Есть ли смысл отвоевывать ту территорию? Мы же не за территорию боремся, а за слом советской, КГБешной системы. Эти земли сейчас не имеют никакой ценности. Там все усыпано осколками, минами, неразорвавшимися снарядами. Заводы – уничтожены, распилены на металлолом, инфраструктура – в упадке. Учитывая менталитет людей, которые живут на той территории, разруха там будет еще сто лет.
Думаю, со временем ситуация на Донбассе урегулируется. А нам сейчас изо всех сил нужно побороть внутренних врагов – коррупцию, олигархов. 20 лет одни (политики – ред.) меняются с другими местами, называя себя то властью, то оппозицией. Всех их нужно гнать в шею. Назначение на высокие должности должны проходить через открытые конкурсы. Пока этого не произойдет, ничего не измениться и война не закончиться.

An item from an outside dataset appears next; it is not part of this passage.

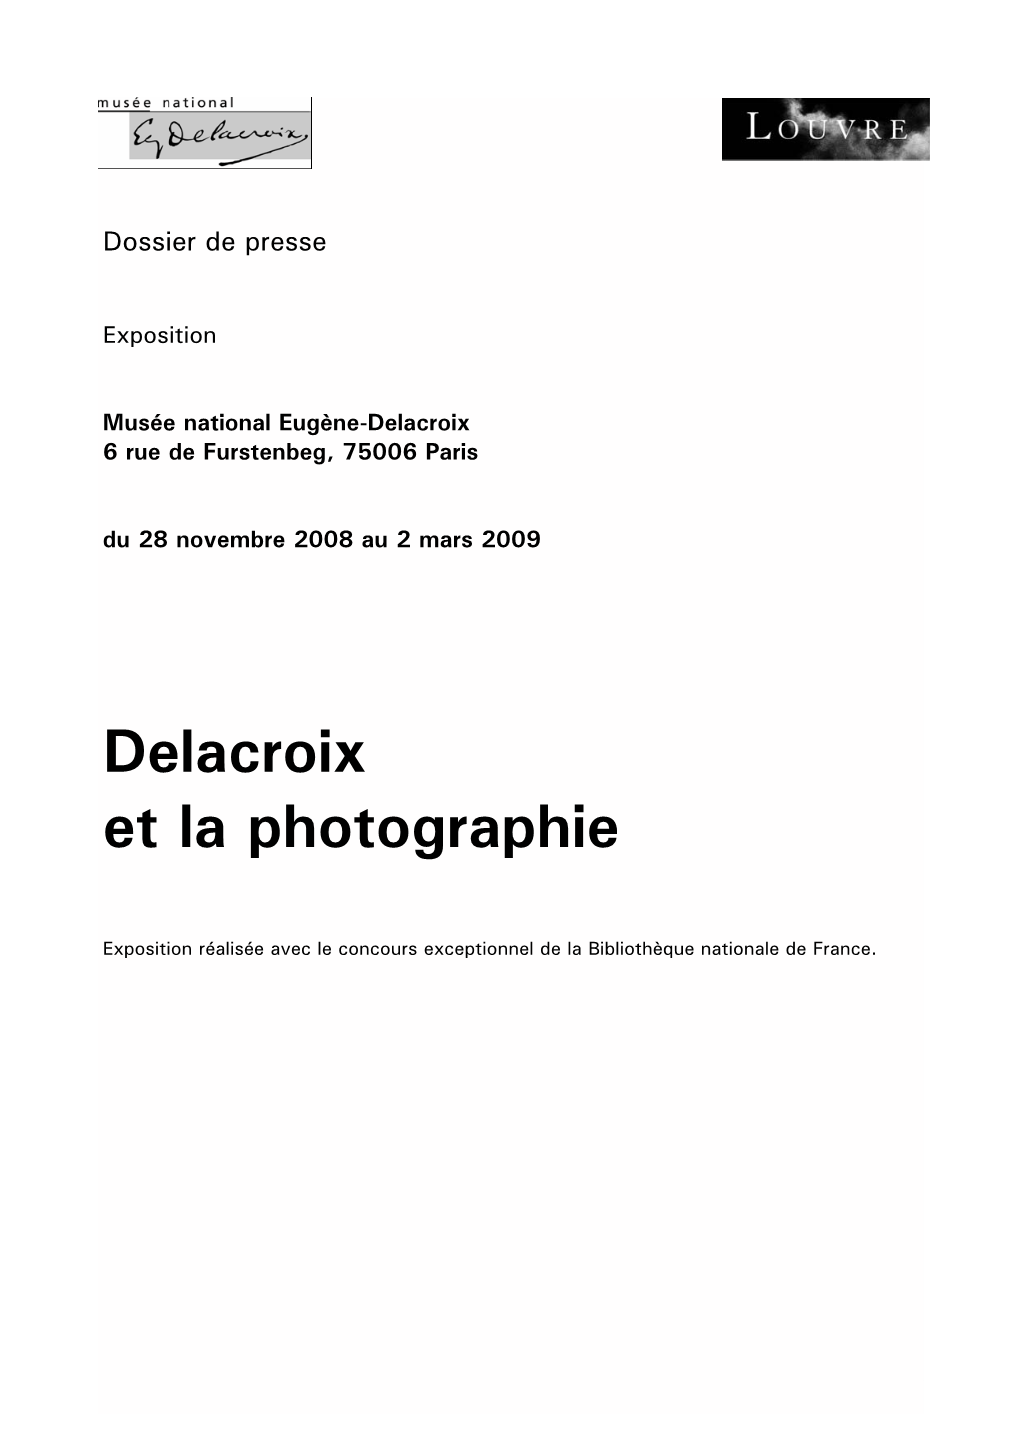 Delacroix Et La Photographie

«Я был уверен, что моя жизнь закончиться в «зеленом коридоре»
В Иловайск заходили 19 августа. На третий день пребывания в городе, выдвинулись в сторону Зеленого, выкопали окопы и распределились по частному сектору, чтобы не сидеть всем в школе, где первоначально была наша база. Кто умнее был, то вырывал окоп прямо во дворе какого-то частного дома и там спал. Я вообще сделал себе блиндаж, перекрыл его шпалами и выходил из него только, чтобы покушать. Так было несколько дней. А потом от «Филина» поступила команда возвращаться в школу. Непонятный, конечно, приказ, но мы его выполнили.
В школе я спал на третьем этаже. Когда начинались обстрелы, все бегали, как угорелые. Вот я и залез повыше, чтобы спокойно поспать (улыбается – ред.). Каждый день нас засыпали «Градами». А чем можно ответить на такие обстрелы? Техники соответствующей у нас не было. Поэтому я не реагировал, когда начиналась стрельба. Максимум: переворачивался с одного бока на другой. Нет смысла куда-то бежать. Где гарантия, что туда, где спрячешься, не прилетит осколок?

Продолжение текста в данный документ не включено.